If the server supports the preferred authentication protocol, authentication proceeds.
If the server does not support the preferred authentication protocol but does support one of the other protocols that the client lists, the server informs the client as to which authentication protocol it supports, and the authentication process continues.
If the server does not support any of the listed protocols, the authentication exchange fails.
As shown in the preceding diagram, through the negotiation option, the client and server applications can select NTLM, Kerberos, PKU2U, or a custom authentication protocol as the mutually agreed-on authentication protocol. To select either the PKU2U or the custom authentication protocol, the application uses the NEGOEX protocol, which extends the SPNEGO protocol and enables the application protocol to choose a mutually agreed-on authentication protocol that is based on policy information.

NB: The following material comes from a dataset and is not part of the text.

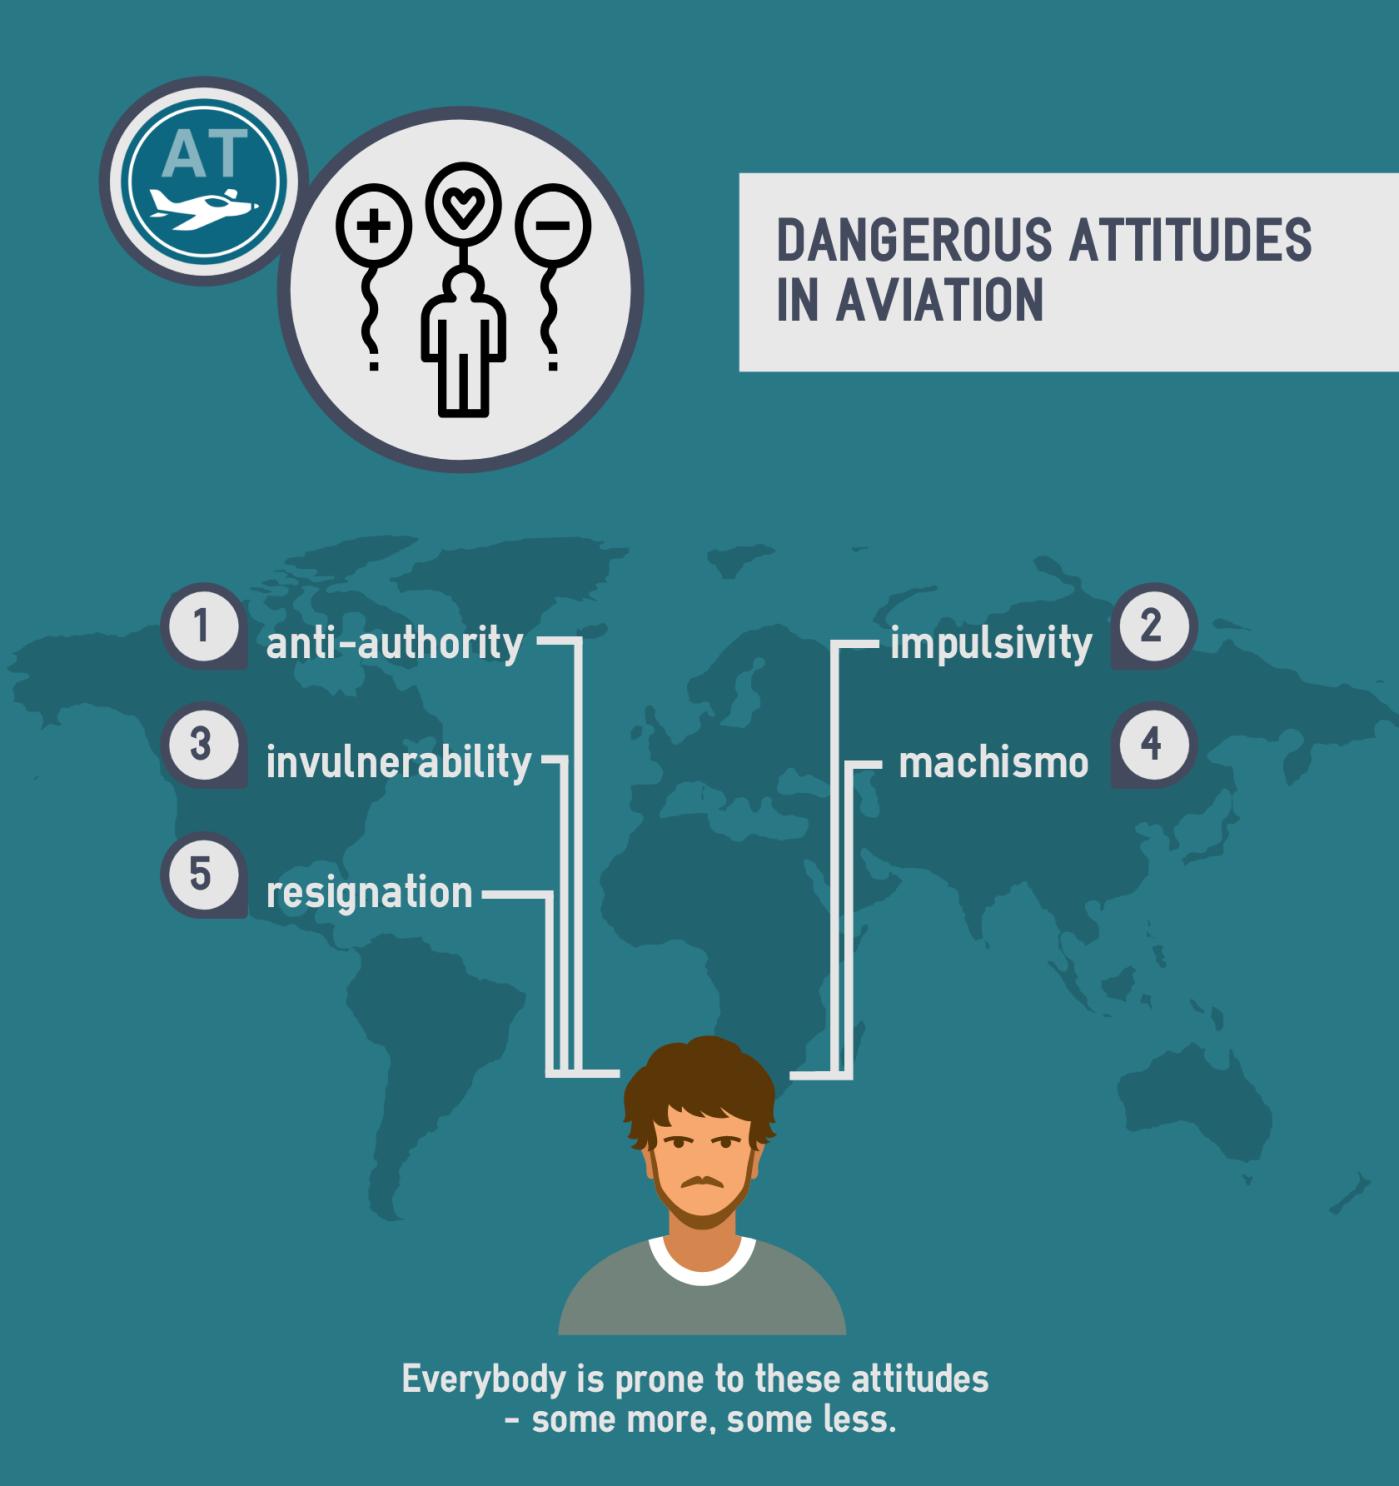 dangerous_hazardous_attitudes_in_aviation_preview
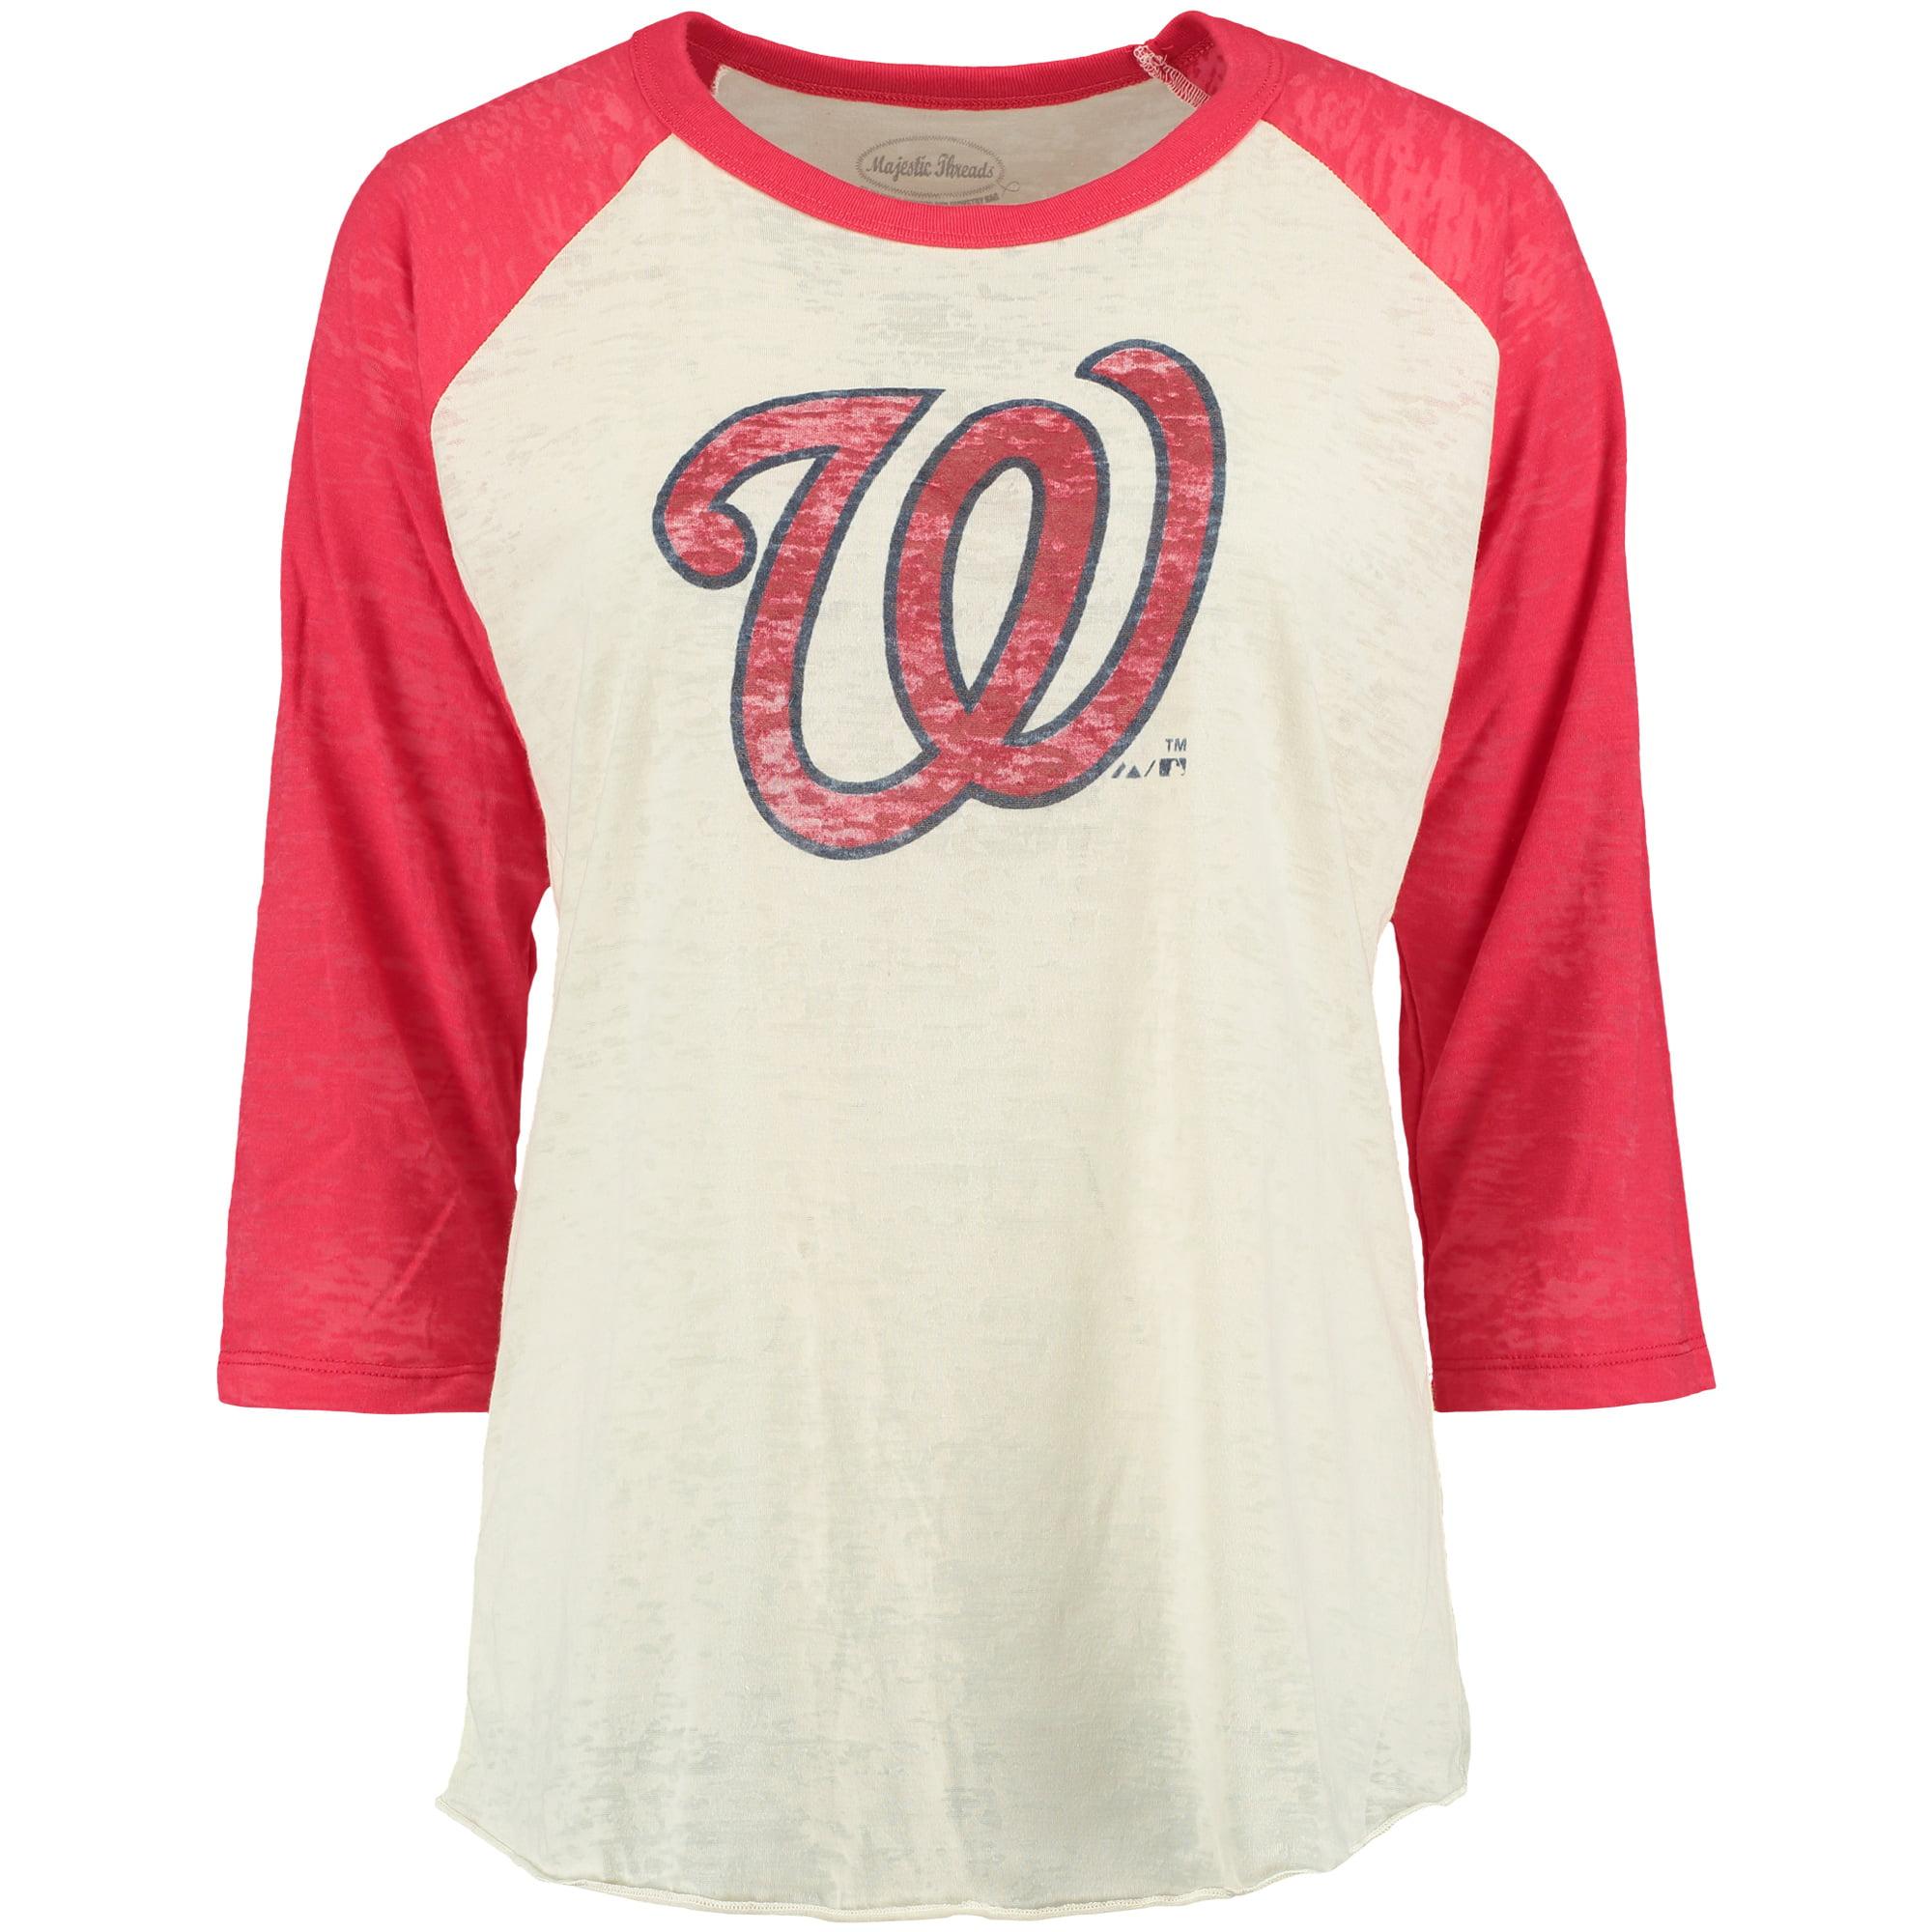 Washington Nationals Majestic Threads Women's Burnout Raglan Long Sleeve T-Shirt - Natural/Red

For example, if the server specifies Kerberos and NTLM and returns Kerberos as its preferred authentication protocol, one client can immediately authenticate by using Kerberos, but another client could negotiate to complete the authentication exchange by using NTLM.
Auxiliary protocols
If the client and server agree on any of the following authentication protocols: Digest [MS-DPSP], NTLM [MS-NLMP], or SSL/TLS [MS-TLSP], an auxiliary protocol carries the credentials information from the server to the Authentication Authority (AA), for example, a Windows DC. This mechanism is called a pass-through mechanism.
When the client and server agree on either the Digest or the NTLM protocol, the Authentication Protocol Domain Support [MS-APDS] performs the pass-through. Otherwise, if the client and server agree on SSL/TLS, Remote Certificate Mapping Protocol [MS-RCMP] is used for pass-through.